Читаем Black Mask (Vol. 29, No. 3 — January 1947) полностью

I climbed back to the house, let myself in and called the police. Then I lit a cigarette and started looking for myself. Ever since I met this dame I had been building up to this. Nobody had twisted my arm and said I had to answer for her. It hadn’t been love, either. Then what was I doing there, tangled in the mess that a neurotic, dipsomaniac ex-movie queen had made of her life?

That was where the doorbell caught me.

Sammy Hillman was the inspector in charge of the homicide detail. He and I had chewed over several bones together. For a cop, he wasn’t a bad guy. He came in smiling and looking around as though he thought I might have a drink waiting for him. “Hello, Fowler,” he said. “Can’t you let us drum up our own business?”

“You’d go broke in a week, Sammy, and you know it.”

Hillman took in what he could see of the house from where he was standing. “Nice creepy little cave this is,” he commented. “What’ve you got?”

I took him out back and showed him.

His gang spread out and went to work, while I told him what I knew. After I finished my recitation, we went down to view the remains. He didn’t say so, but I gathered he was satisfied it was just a case of too much grog and too little guts.

We were standing by the table in the back yard. I looked at the empty gin bottle Maxine had left behind. It hadn’t given anything to the fingerprint boys. It was just standing there like a tombstone.

Suddenly I wanted that bottle. “Look, Sammy,” I said, “don’t think I’ve gone completely nuts, but if it’s O.K. with you, I’d like to take this bottle — for a souvenir.”

He snorted. “Help yourself. One bottle more or less around this place can’t make any difference.”

I tucked the prize under my arm and said goodbye.

Sammy nodded. “This’ll last us a couple of weeks,” he said, “so take it easy.”

Chapter Two

Husbands and Homicide

I’d forgotten about eating. I went home and gave Maxine’s bottle the place of honor in the center of my cocktail table while I hustled a drink for myself in the kitchen. I brought it back and toasted my final link with Maxine.

I had another drink and started to get poetic about Maxine, life, and empty bottles. You don’t have to be boiled to get the connection, but it helps.

I remembered Maxine’s diary, still in the pocket of the coat I was wearing the night I met her. I got it, and another drink.

I spent the next couple of hours getting stewed and wondering at the junk a woman will immortalize in her diary. I could follow the general outline of her life, but mostly it was devoted to personalities and sounded pretty shallow. It made a good companion-piece for the empty gin bottle.

I killed the fifth and made a pass at going to bed. I got one shoe off before I went under. The bed pitched a couple of times when I shut my eyes, and I felt I was being shot through space. It was broad daylight again before anything bothered me.

The little men woke me up. I sat up on the edge of my bed and wondered what would ever become of me. I managed to totter out to the kitchen and try some ice water. It felt good in my mouth, but raised hell in my stomach. I made some hangover soup with tomato juice, Worcestershire, and a shot of bitters. With that rumbling around in my guts, I went in and took a hot shower, brushed my teeth and got into some clean clothes. I decided against risking a shave right then.

While I was waiting for the coffee to run through the silex, I cleared away some of the debris from my contest with the demon rum, emptied the ash trays, threw out the dead fifth my hangover had come in, and picked up my heritage from Maxine.

In the cold light of morning, keeping that gin bottle lost some of its enchantment. Maybe some relatives would turn up for her diary. But I was certain that nobody, including me, had any use for that bottle.

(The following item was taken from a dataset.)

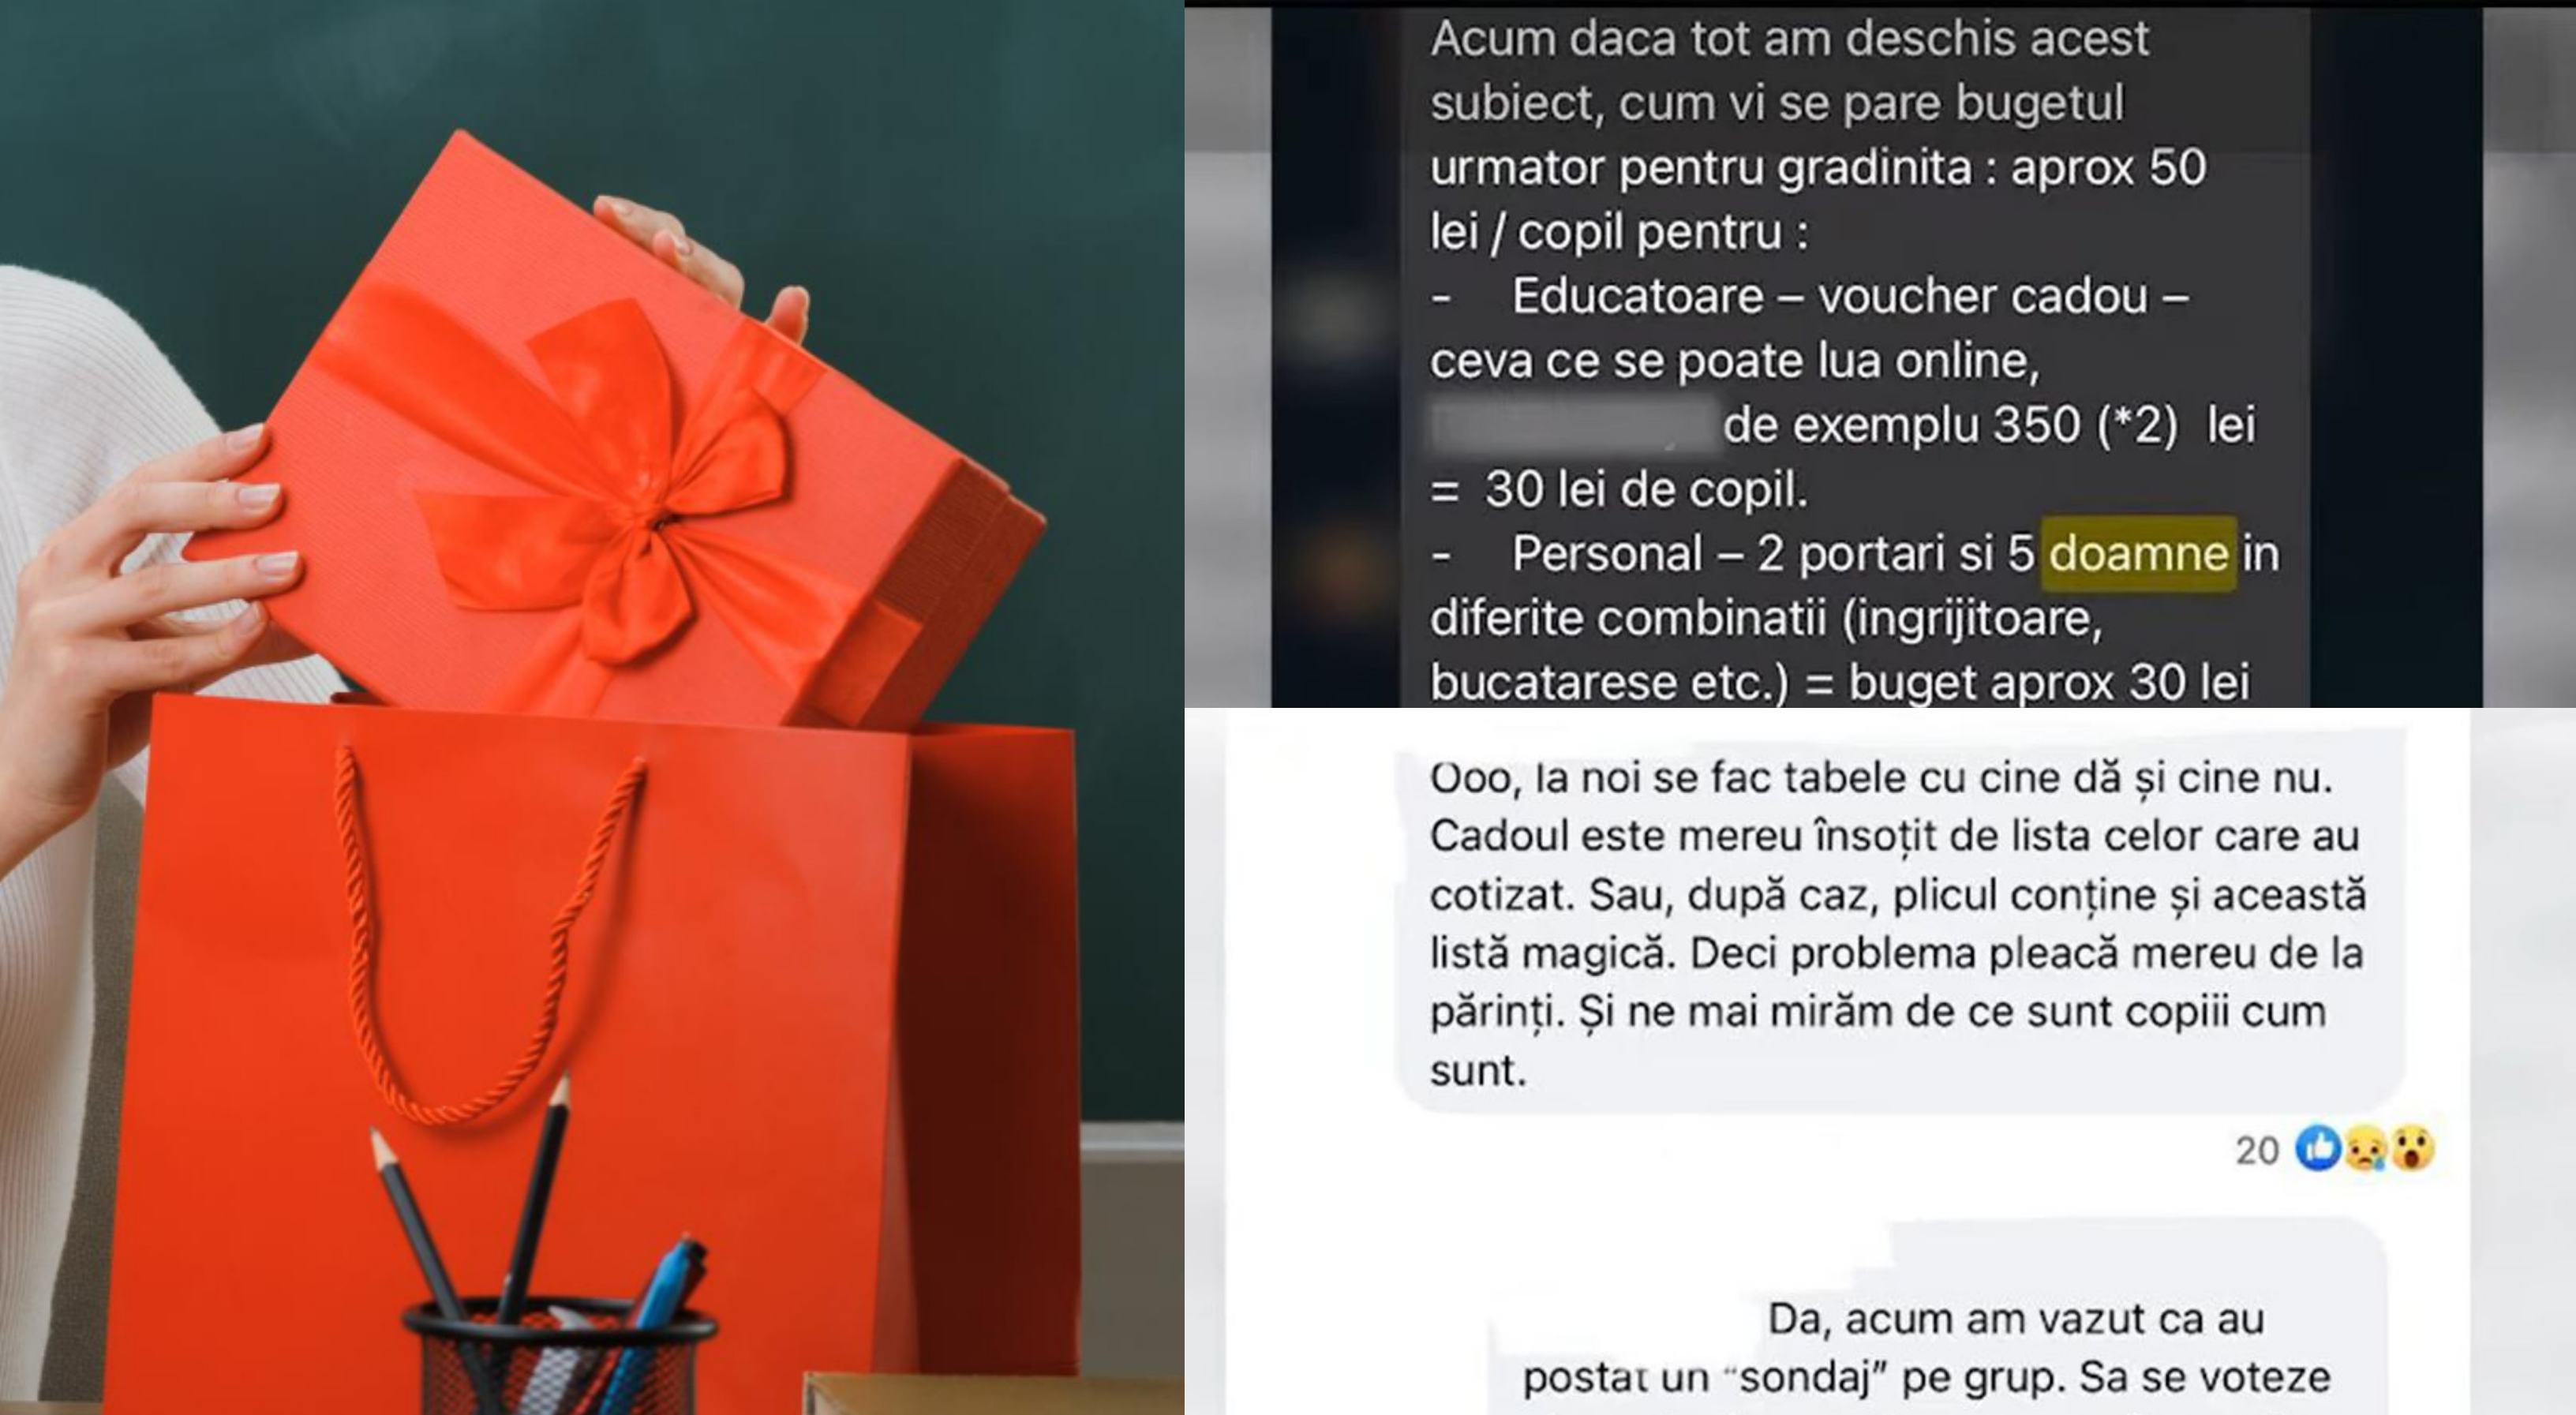 Cadourile de Craciun pentru profesori ajung si la 1000 de euro in unele scoli! Parintii care nu dau bani, sunt „parati” la doamna

I was in the act of tossing it in the trash can with the other dead one, when it happened. Nothing lethal, just an idea. I noticed for the first time that the bottle wasn’t just empty. There was a fine layer of dust in it!

I’ve had a lot of experience with emptying bottles. Nobody could sell me the story that this one had only been standing around some forty hours. The label was still fresh, which ruled coincidence out of its being at the scene of the suicide. But why would Maxine set the stage with a prop bottle?

Something smelled.

Until now I had taken it for granted that her bum publicity break in the papers put the fritz on her comeback chance, she got boozed up and jumped. This dead gin bottle said it didn’t happen that way.

I had my coffee and set out to prove he was a liar.

The Screen Actors’ Guild informed me that Maxine had been represented by an agent named Mitchell Kasch. He was in one of those colonial cheese-cakes that line the strip section of Sunset Boulevard. It was upstairs, a cute little joint The outer office was done in knotty pine and a nyloned secretary with a stagy accent and a peek-a-boo blouse that was more peek than boo.